1.    HET VERLOOP VAN DE PROCEDURE

Het college heeft kennisgenomen van:

- het klaagschrift;

- het verweerschrift;

- de repliek;

- de brief van klaagster van 3 december 2013;

- de brief van klaagster van 12 februari 2014 met de bijlage;

- het door verweerder overgelegde dossier van klaagster;

- het proces-verbaal van het op 14 maart 2014 gehouden verhoor in het kader van het

  vooronderzoek;

- de namens verweerder overgelegde dagrapportage d.d. 22 en 23 juli 2013 betreffende klaagster;

- het e-mailbericht van verweerder van 7 mei 2014.

- de brief van verweerder van 24 juli 2014 met de bijlagen.

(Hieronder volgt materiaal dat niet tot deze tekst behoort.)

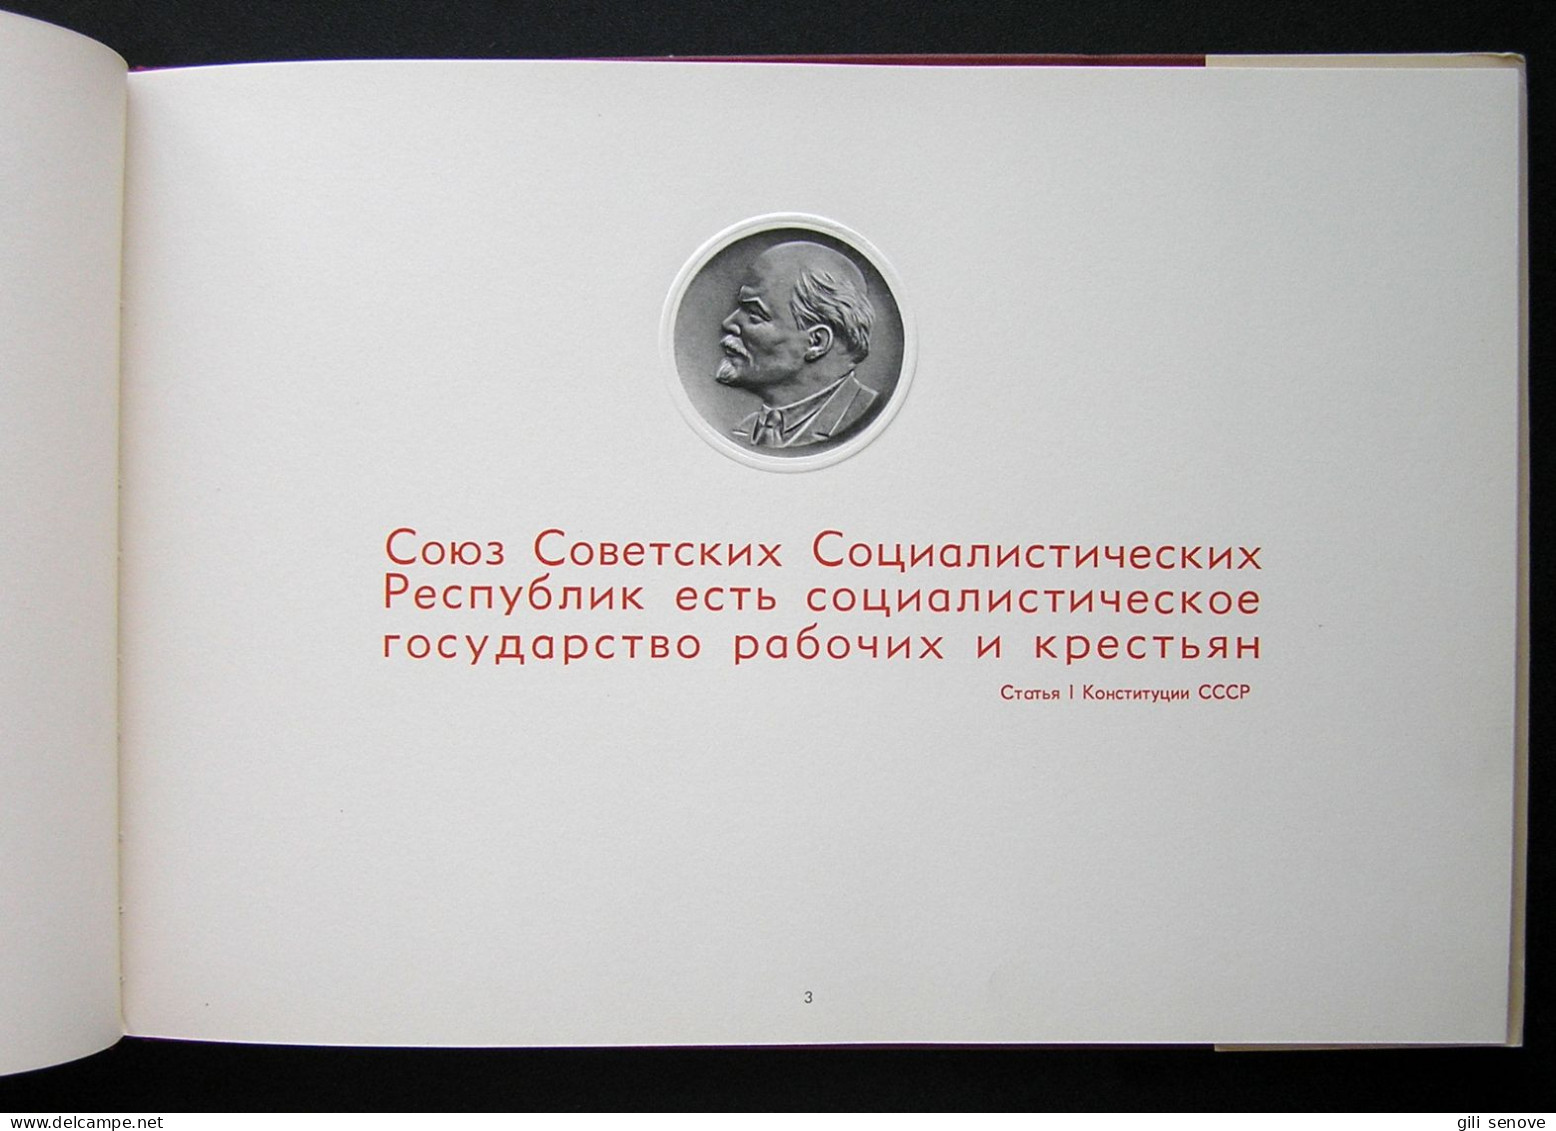 Russian Book / Государственный герб СССР 1959 - Slawische Sprachen
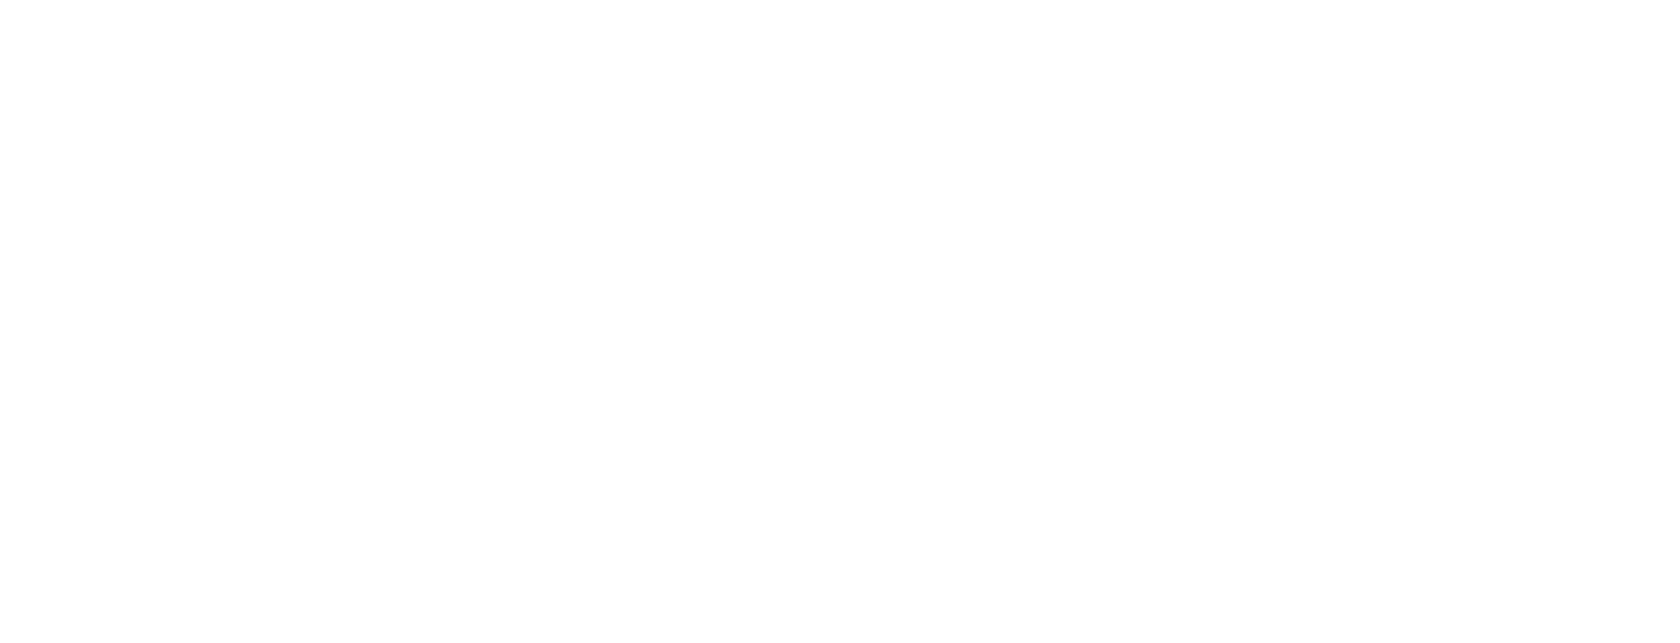 Торцевая заглушка Flexy TOREC LINE 15 для профилей Flexy: размер, вид, применение, способ монтажа в Беларуси (РБ)

De zaak is behandeld ter openbare zitting van 5 augustus 2014, alwaar zijn verschenen klaagster en verweerder in persoon, klaagster bijgestaan door haar gemachtigde.

2.    DE FEITEN

Op grond van de stukken (waaronder het dossier van klaagster zoals overgelegd door verweerder) en het verhandelde ter zitting dient, voor zover van belang voor de beoordeling van de klacht, van het volgende te worden uitgegaan.

Klaagster, geboren in 1969, is afkomstig uit D. Klaagster is bekend met de diagnose schizofrenie en een persoonlijkheidsstoornis met zowel borderline- als antisociale trekken. Het psychiatrisch beeld van klaagster wordt gekenmerkt door sterk wisselende stemmingen waarbij achterdocht en de daarmee gepaard gaande verhoogde prikkelbaarheid en angsten een grote rol spelen. Zij heeft psychotische episoden. Een belangrijke bron van spanning voor klaagster is haar status van ongewenst vreemdeling en de daarmee gepaard gaande onzekerheid over haar toekomst.

Klaagster verblijft als terbeschikkinggestelde sinds 5 november 1999 in een forensisch psychiatrisch centrum (FPC) vanwege een geweldsdelict. Dit delict kwam voort uit haar psychotische beleving. Klaagster heeft weinig ziektebesef. Indien zij medicatie krijgt toegediend, heeft zij veel last van bijwerkingen. Periodiek heeft klaagster gedwongen medicatie gekregen als zij weer psychotisch werd met agressief gedrag.

Deze klacht betreft de gedwongen medicatie die klaagster heeft gekregen op 23 juli 2013 en de rol van verweerder daarbij. Verweerder heeft op verzoek van de behandelend psychiater van klaagster op 22 juli 2013 een second opinion gegeven met betrekking tot het voornemen tot het toedienen van dwangmedicatie. De behandelend psychiater was van oordeel dat gedwongen medicatie was geïndiceerd omdat de fysieke en mentale toestand van klaagster achteruitging. Klaagster lag vaak in foetushouding op bed, at en dronk weinig en wees contacten af.

Verweerder heeft klaagster op 22 juli 2013 bezocht in haar kamer. Verweerder heeft de casus nadien besproken met psychiater E, lid van de commissie middelen en maatregelen. Uit dit overleg kwam naar voren dat nog even zou worden aangezien of klaagster weer zou gaan eten en drinken en meer in contact zou komen.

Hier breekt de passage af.